Caching question BIND 9 help me please

Thu Aug 7 00:11:07 UTC 2003

Vo wrote:

> Here's my situation.  I'm using BIND 9, Redhat 9 latest version.  I have
> 2 servers in house, a primary and secondary, and I'm using my ISP as a
> tertiary.
>
> Last week my primary suffered a hard drive failure.  I thought "no big
> deal, the secondary and tertiaries will take care of servicing DNS
> requests". The primary was down for about 28 hours while I got a new
> hard drive in place.
>
> During this timeframe the secondary was reporting constantly that it
> couldn't update since it couldn't reach the primary. I expected that.
>
> At about 24 hours elapsed time, we started disappearing off the
> internet.  Using my secondary to query some names from my domain, I got
> "not founds."  I did that with our ISP tertiary DNS server as well, and
> was spewed back the root servers list.  Not good. (I quickly got the
> primary back online and everything straightened out straight away).
>
> My first thought it that I have the caching info set incorrectly for my
> domain.  Here's an obfuscated version of my DNS record for my domain:
>
> $TTL    86400
> @       IN      SOA     dns1.me.com. postmaster.me.com. (
>                 2003042101      ; serial
>                 1H      ; refresh (1 hour)
>                 30M     ; retry (30 minutes)
>                 7D      ; expire (7 days)
>                 1H      ) ; minimum (1 hour)
>
>                 NS      dns1.me.com.
>                 NS      dns2.me.com.
>                 NS      ns1.myisp.net.
>                 NS      ns2.myisp.net.
>                 NS      ns3.myisp.net.
>
>  { address records and cname records here  }
>
> Is my $TTL setting what killed me?  Everything else seems to be set for
> a 7 day expire and I'm probably missing something insanely simple.
> What's a good setting for a stable network with no significant changes
> being done for these?

$TTL only sets the default TTL for records in the zone. Slaves never see
the TTL setting; only the TTL values on each record in the zone, and they
never expire records based on those TTL values either. The only relevant
"expiration" parameter between masters and slaves is the
SOA.EXPIRE setting, and 7 days is, of course, much longer than the 28 hours
of your outage. So it's a bit of a mystery.

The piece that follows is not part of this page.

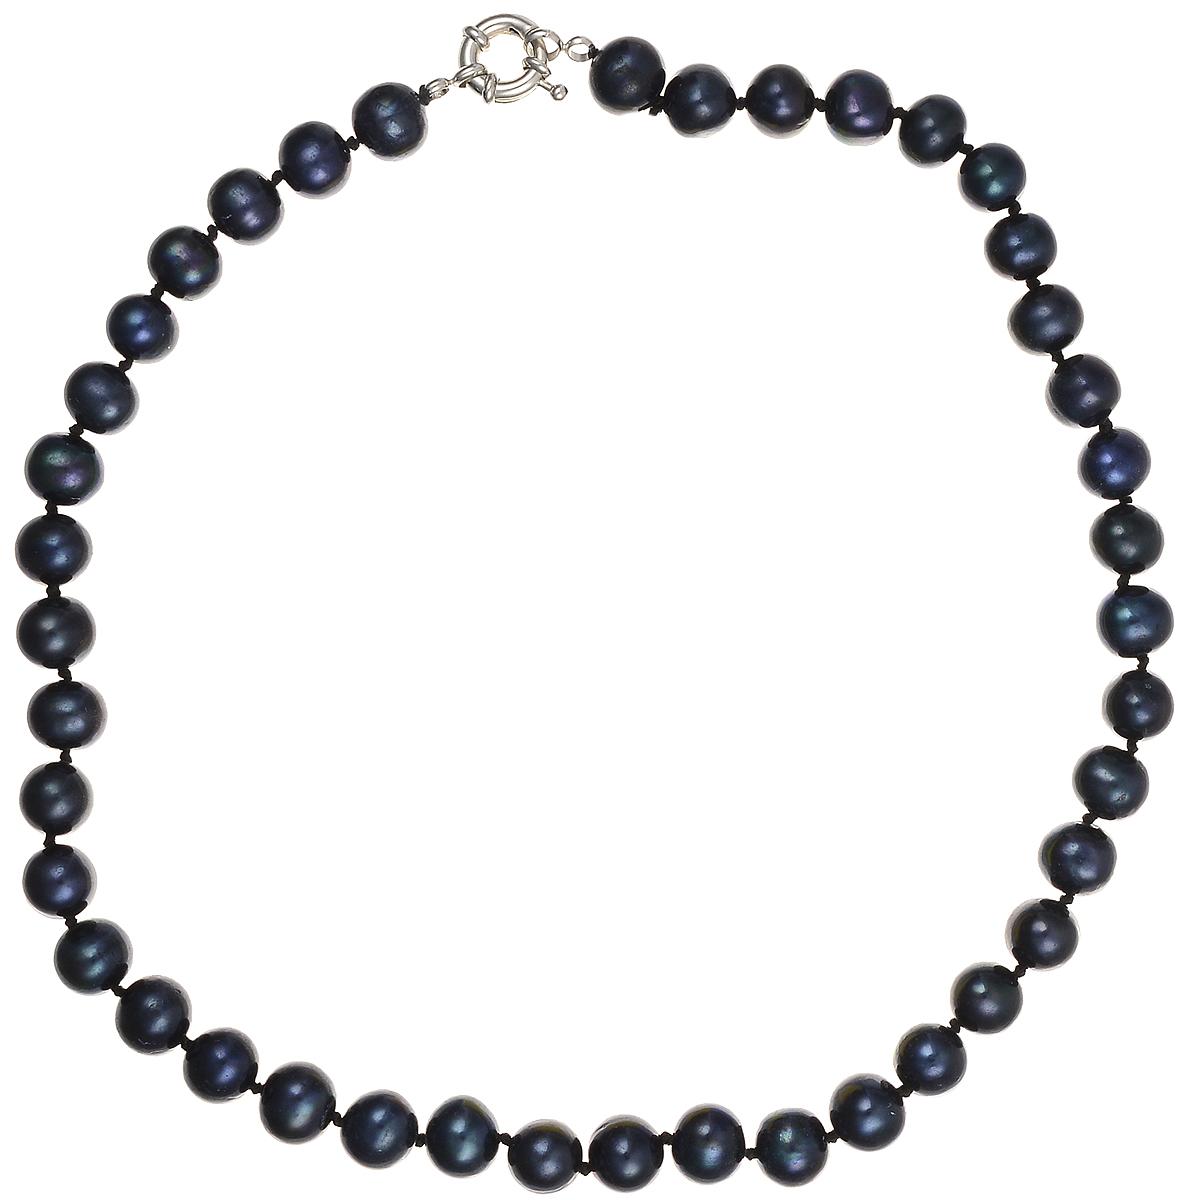 Бусы Art-Silver, цвет: синий, длина 45 см. КЖ9-10АА45-1173
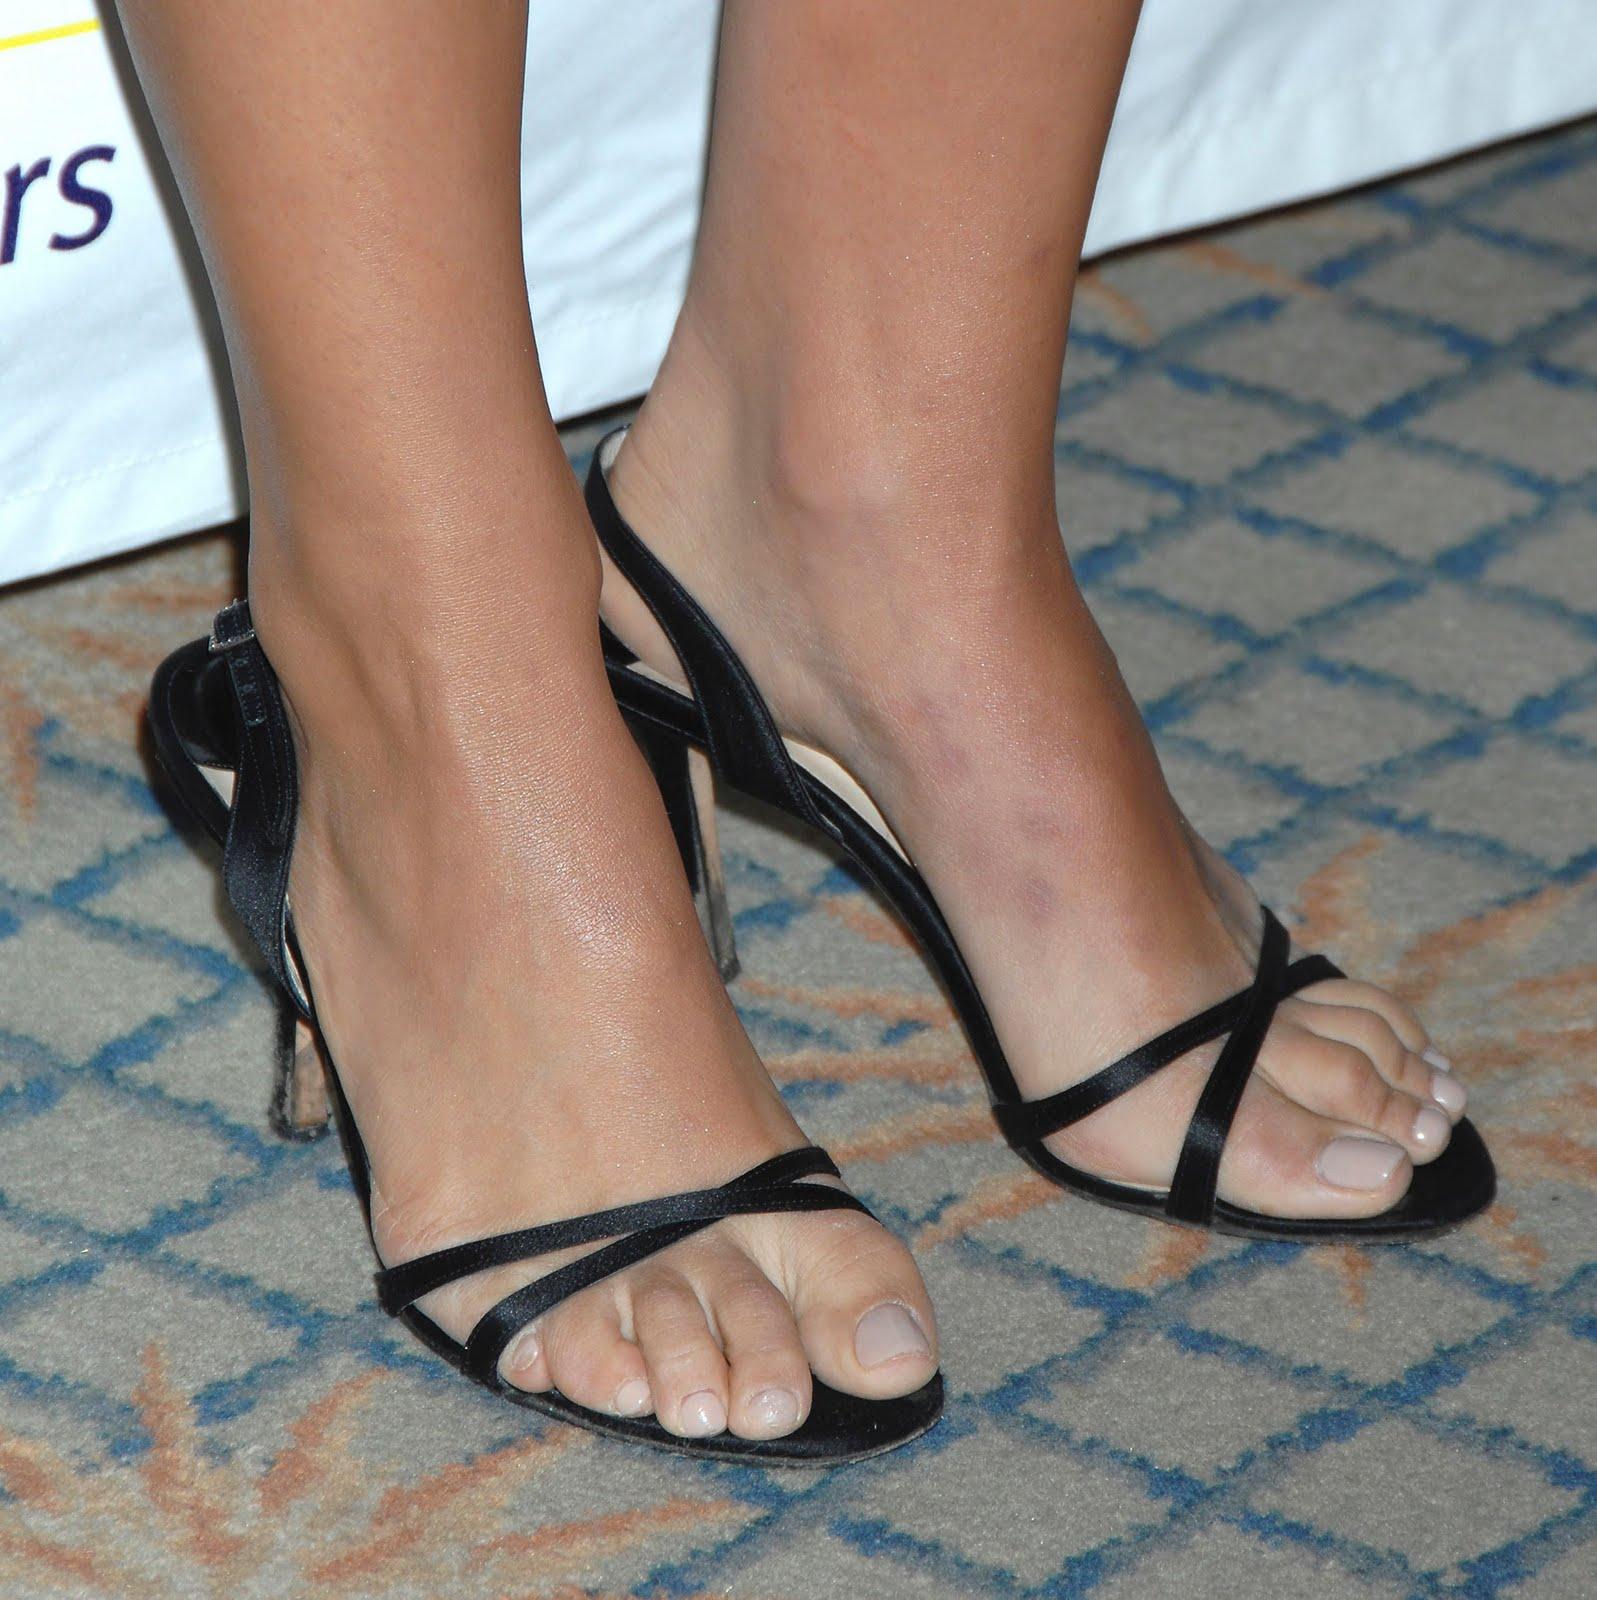 http://4.bp.blogspot.com/_lKe2XK1kSnY/S628TZErwoI/AAAAAAAABm0/p_0D8FR_1jY/s1600/natalie-portman-feet.jpg

Is it possible that you've had replication failure for a while and just
never noticed it? Are your primary and all of the delegated slaves
currently answering authoritatively for names in the zone?

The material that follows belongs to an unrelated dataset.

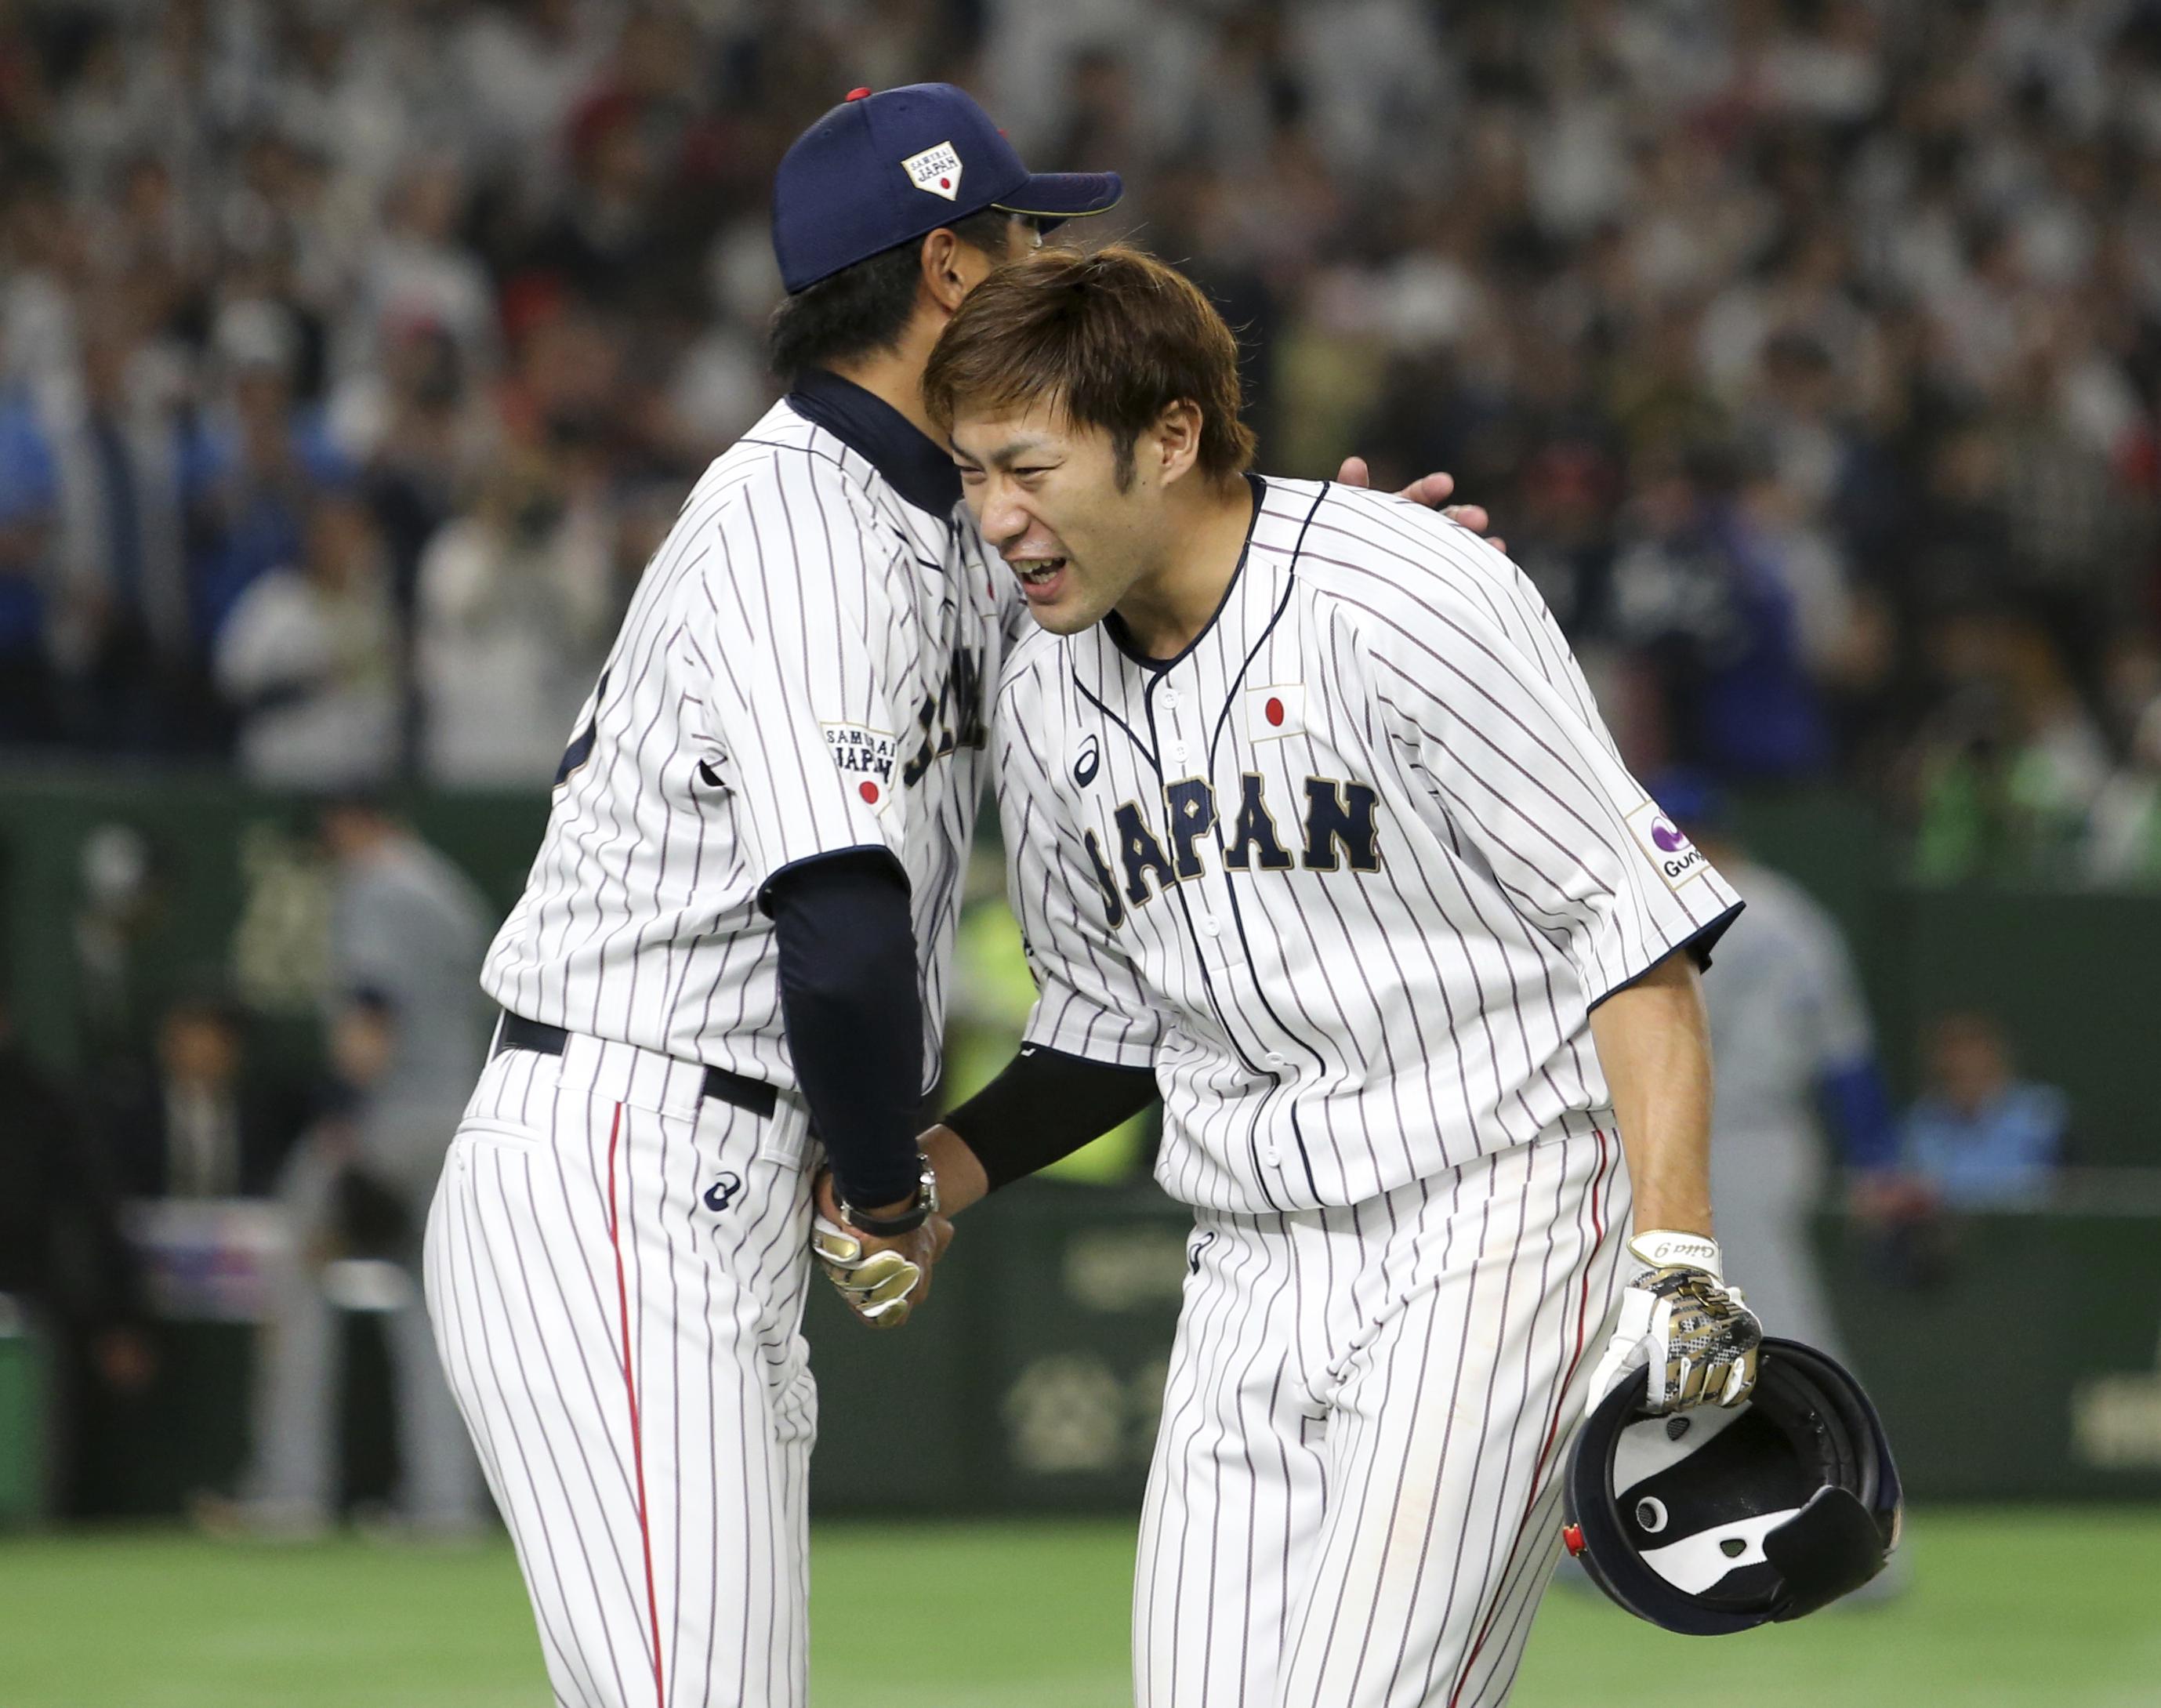 Yanagita's HR off Yates lift Japan over MLB in tour opener

When you say "not founds", do you mean NXDOMAIN? Were you using nslookup to
do the lookups? Sometimes if nslookup hits a SERVFAIL for the regular name,
it'll proceed to do the searchlist algorithm and then if it subsequently
gets an NXDOMAIN for a searchlisted name (quite likely) it'll *misreport*
NXDOMAIN for the whole lookup. This is one of many reasons why nslookup
sucks and "dig" is the preferred DNS troubleshooting tool. At the very
least, always turn on "debug" with nslookup to see what the hell it's doing
behind the scenes.

As for your ISP's "tertiary" server, it should have at least given you a
SERVFAIL or timed out trying to resolve the name. Sounds like they turned
off or restricted recursion and never bothered to tell you. Is it working
now?

- Kevin